Although Bourgeois worked in paint and sculpture, drawing was part of her daily routine. These drawings, made in 2006, are titled, 10 am is when you come to me. She made them of her hands and those of Jerry Gorovoy, her assistant , model, and friend for 30 years. The title refers to the daily time of his arrival at her studio or house to begin their working day together: it was their reliable and familiar daily routine.
10 AM is when you come to me is a set of 20 pieces all displayed in individual frames which are placed in a grid formation (2 across and 10 down). A wedding ring on one of the hands identifies Bourgeois against Gorovoy. The featured image is one of these. The hands in the paintings are in different positions in each drawing, at times touching or interlocking and other times separate.
The information board near the piece had this quote from Bourgeois, “when you are at the bottom of a well you look around you and say, who is going to get me out?, in this case Jerry comes and presents a rope”.
The only colour used in the piece is red. For Bourgeois, red represented heightened emotion and it is a colour that appears frequently in her work. The tone of red in the piece fluctuates, it isn’t a constant shade in each drawing, rather the hands change from light to dark.
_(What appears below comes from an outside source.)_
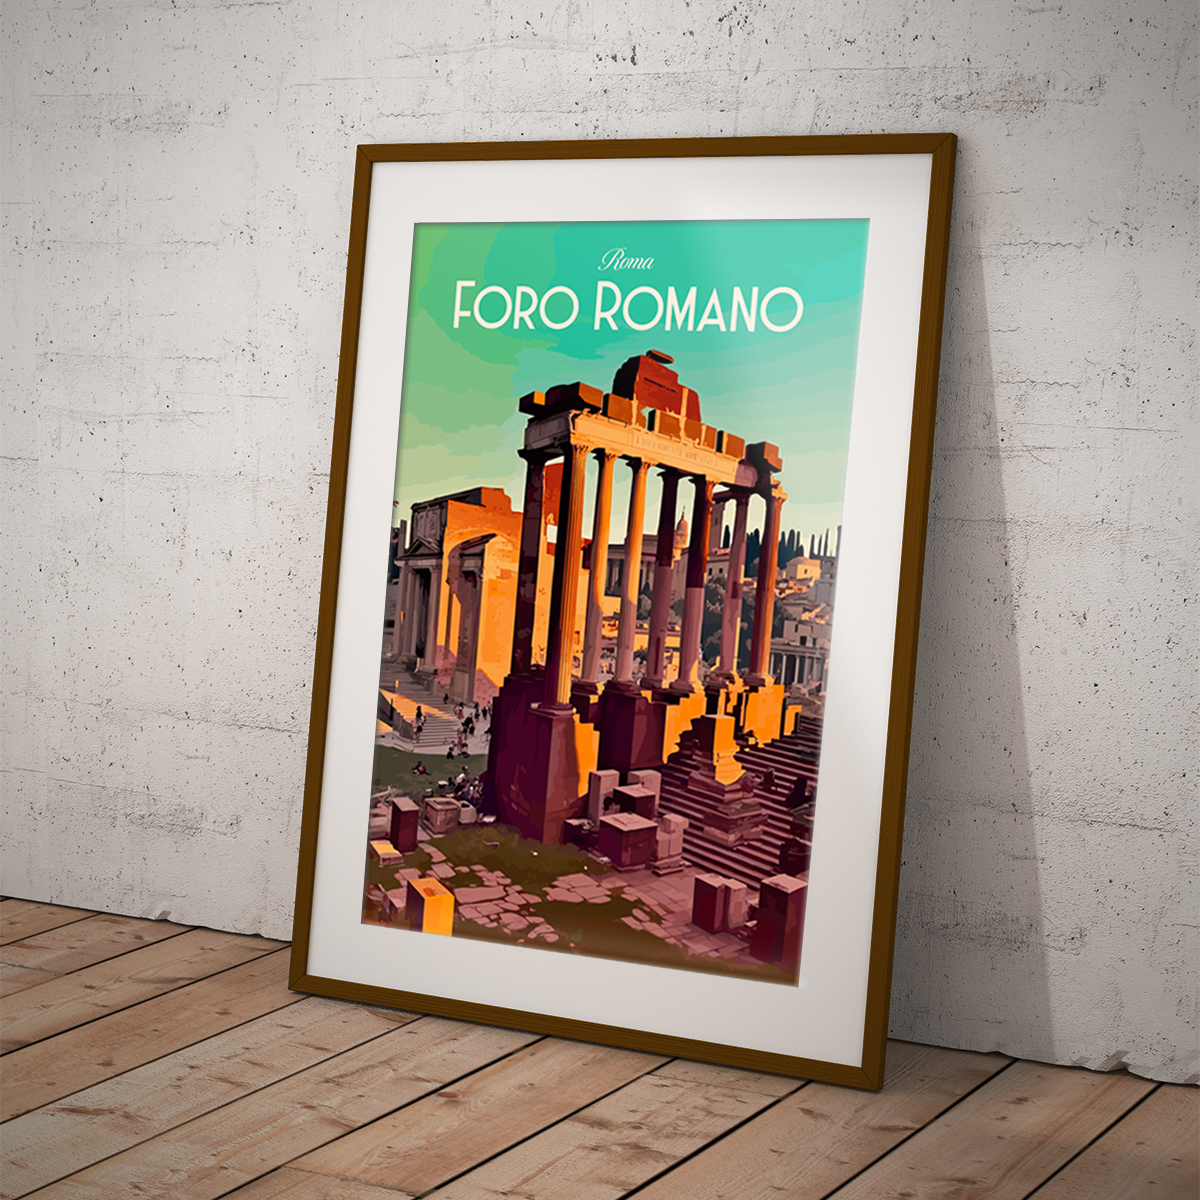 Roma - Foro Romano poster by bon voyage design

In some Bourgeois’ hands are a really strong red and Gorovoy’s much lighter. This changes throughout, as sometimes his are darker than hers. So it was not just the one needing the other, but instead a rhythm of needing each other differently at various times.
Throughout her work, she was interested in the rhythms and fluctuations of conscious and unconscious life, especially the effect an individual can have on another along with the complex emotions of life and love, suffering and death.
But the drawings have the rhythm of dailiness. They are done on sheets of music, again suggesting rhythms. In the midst of this complexity is a simplicity of movement that brings order out of chaos and beauty through the challenge of love and living.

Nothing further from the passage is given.